▸ **Collected data**:
=== Section Start ===

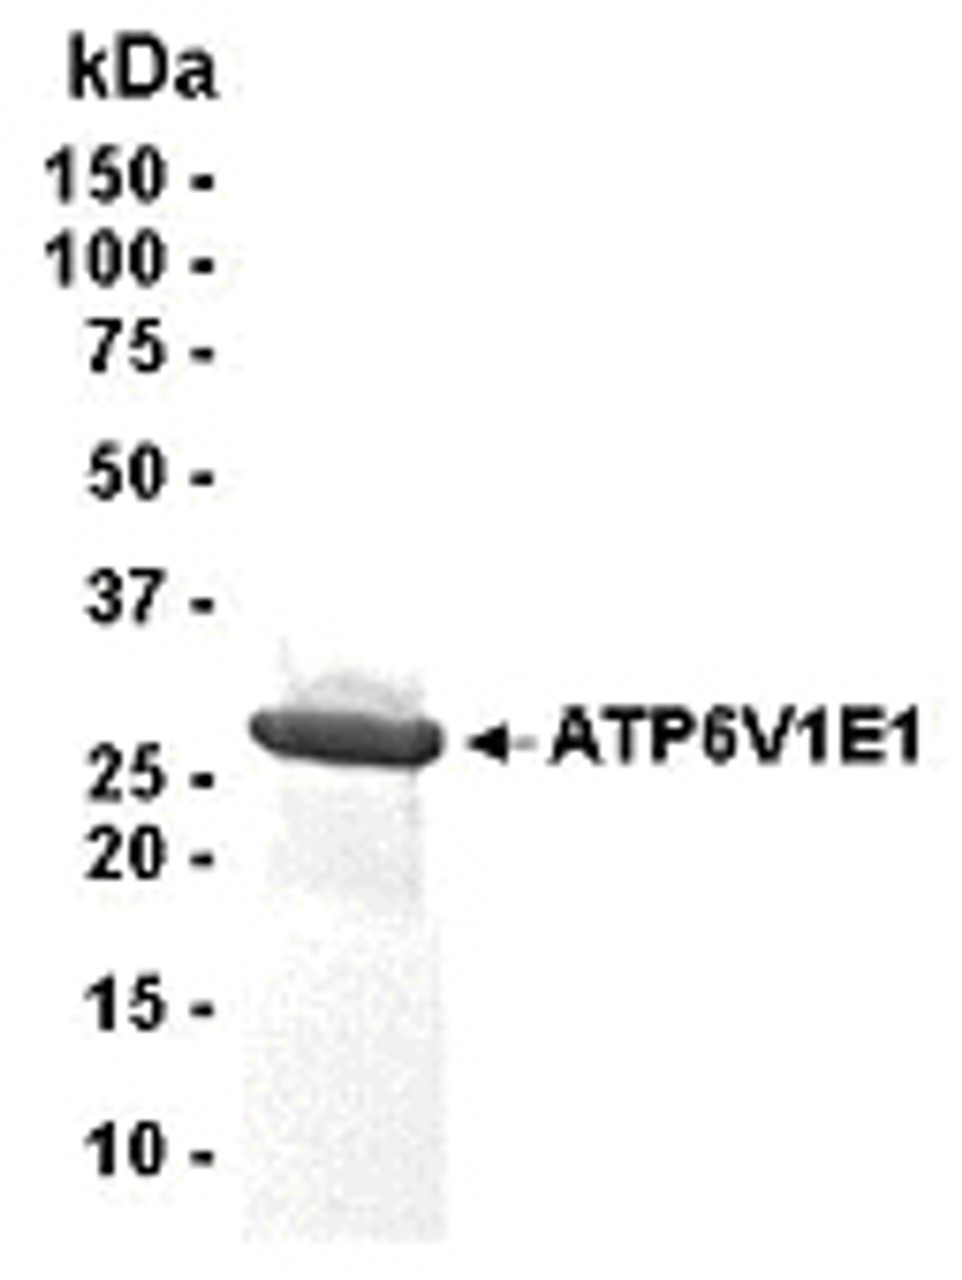 SDS PAGE: Analysis of ATP6V1E1 Recombinant Protein. 4-20% SDS gradient gel. Coomassie blue staining.
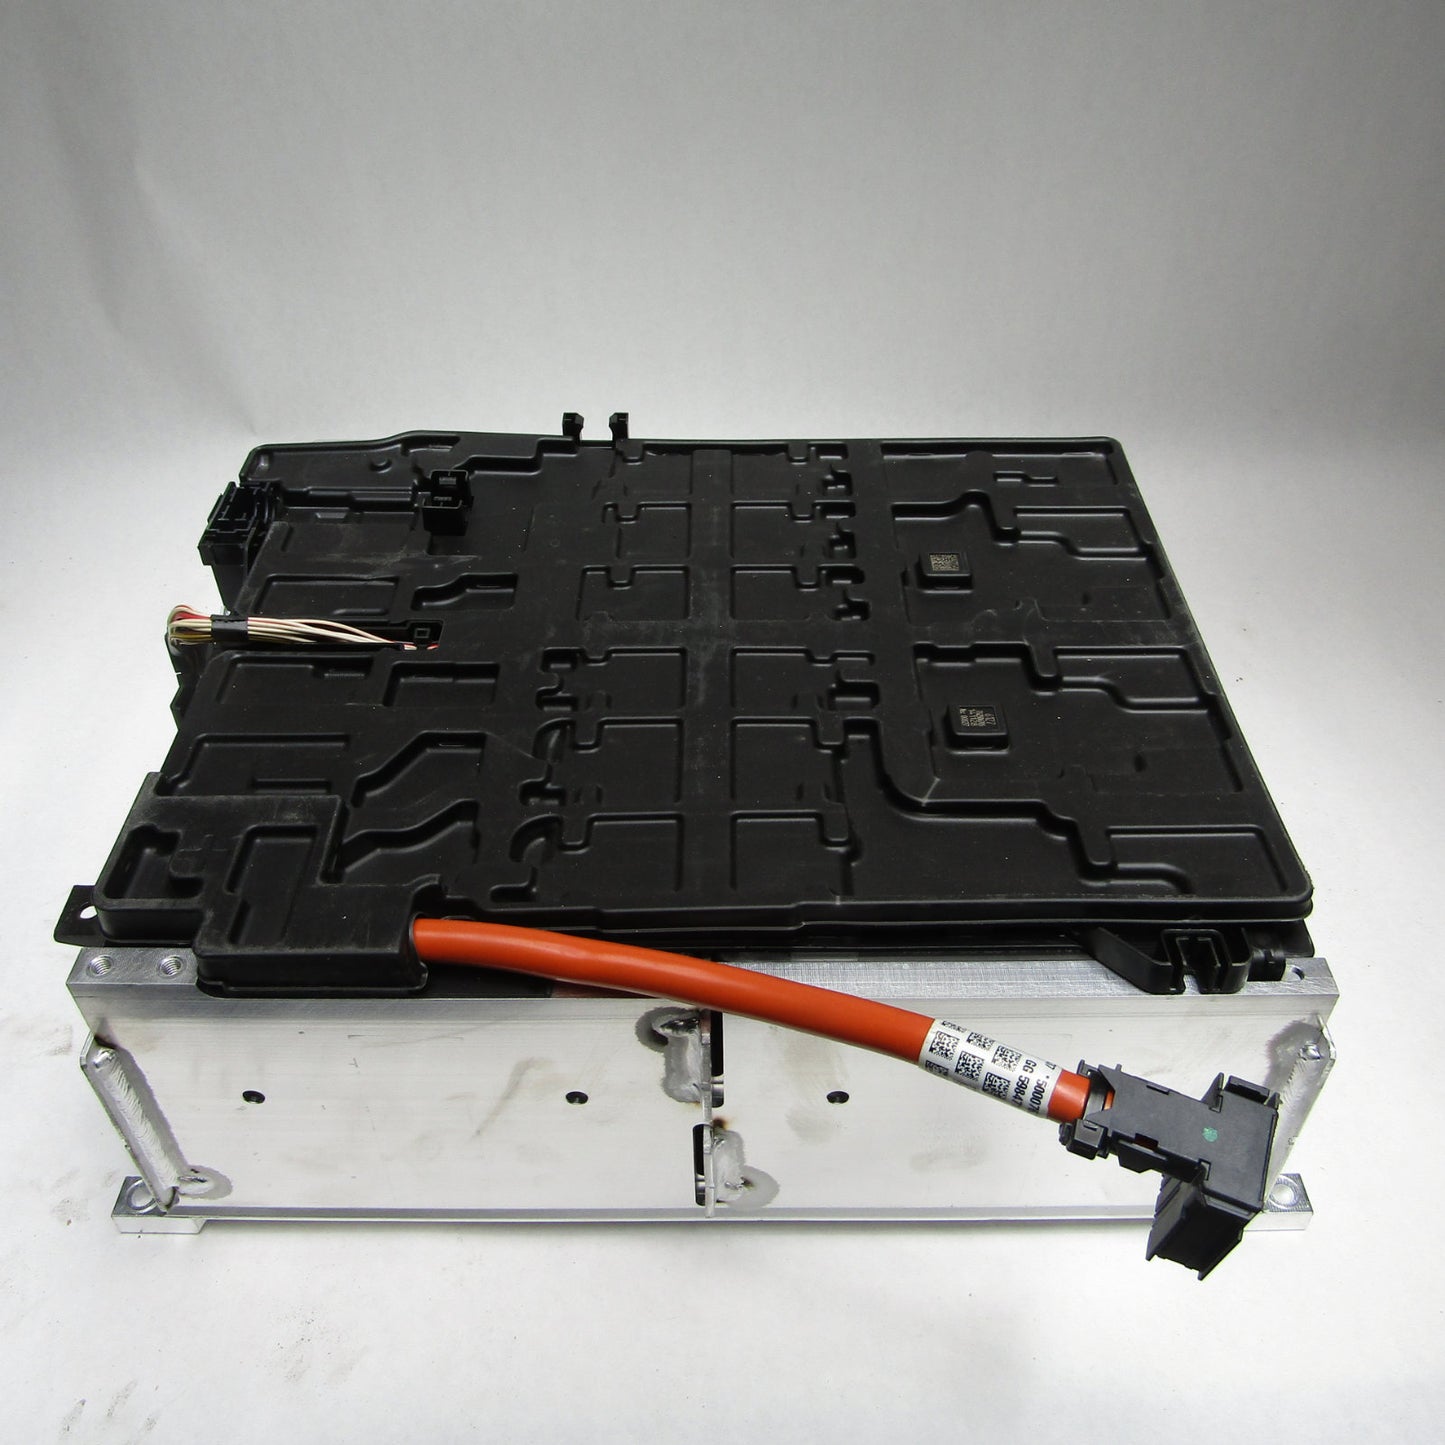 BMW i3 / 2.7 kWh / Battery Modules (order of 10)
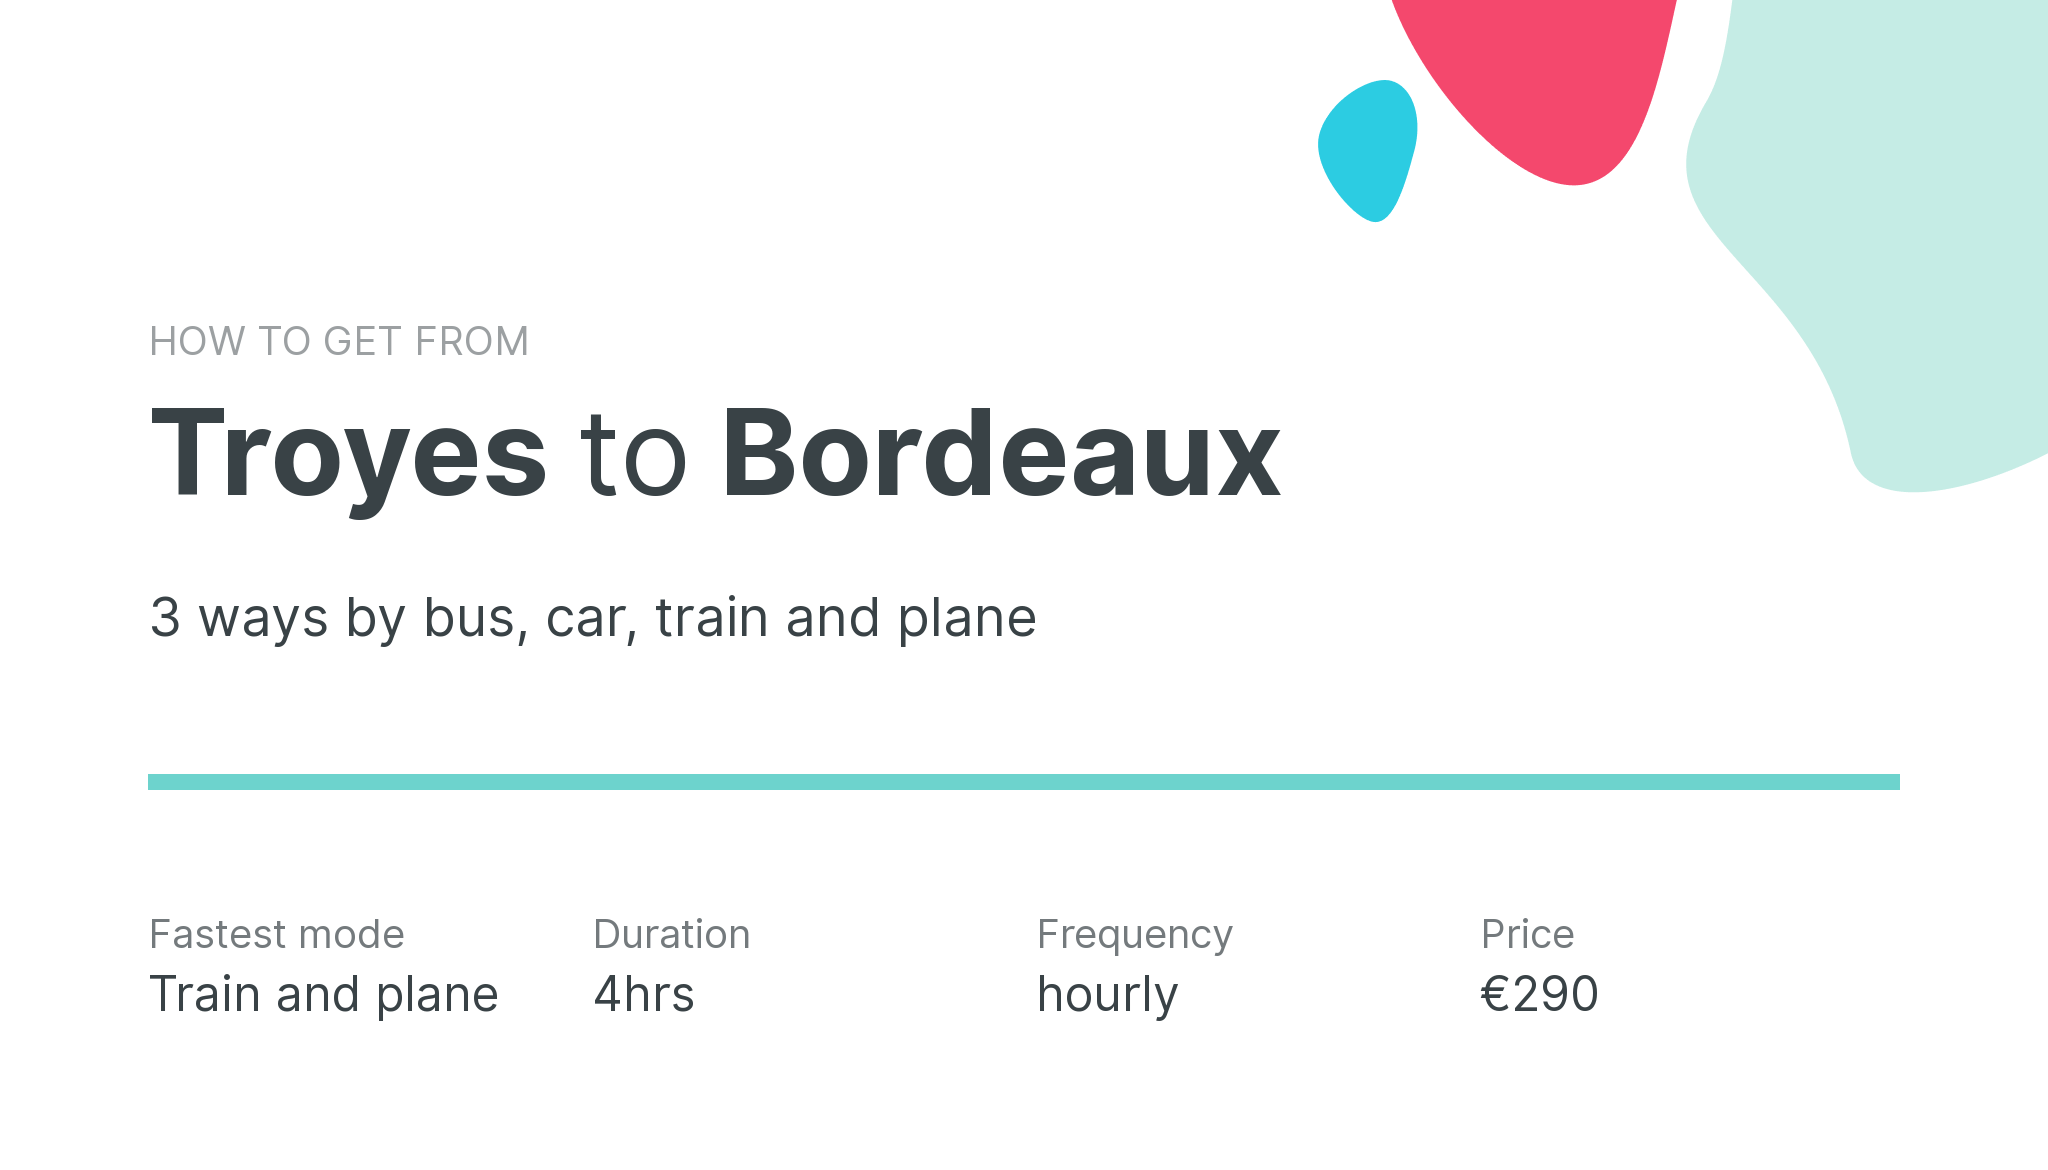 How do I get from Troyes to Bordeaux

=== Section End ===

▸ **Exercise brief**: The material is to be written out word for word, and the pictures are to be left out.

▸ **Result of this exercise**:
 SDS PAGE: Analysis of ATP6V1E1 Recombinant Protein. 4-20% SDS gradient gel. Coomassie blue staining.
 BMW i3 / 2.7 kWh / Battery Modules (order of 10)
 How do I get from Troyes to Bordeaux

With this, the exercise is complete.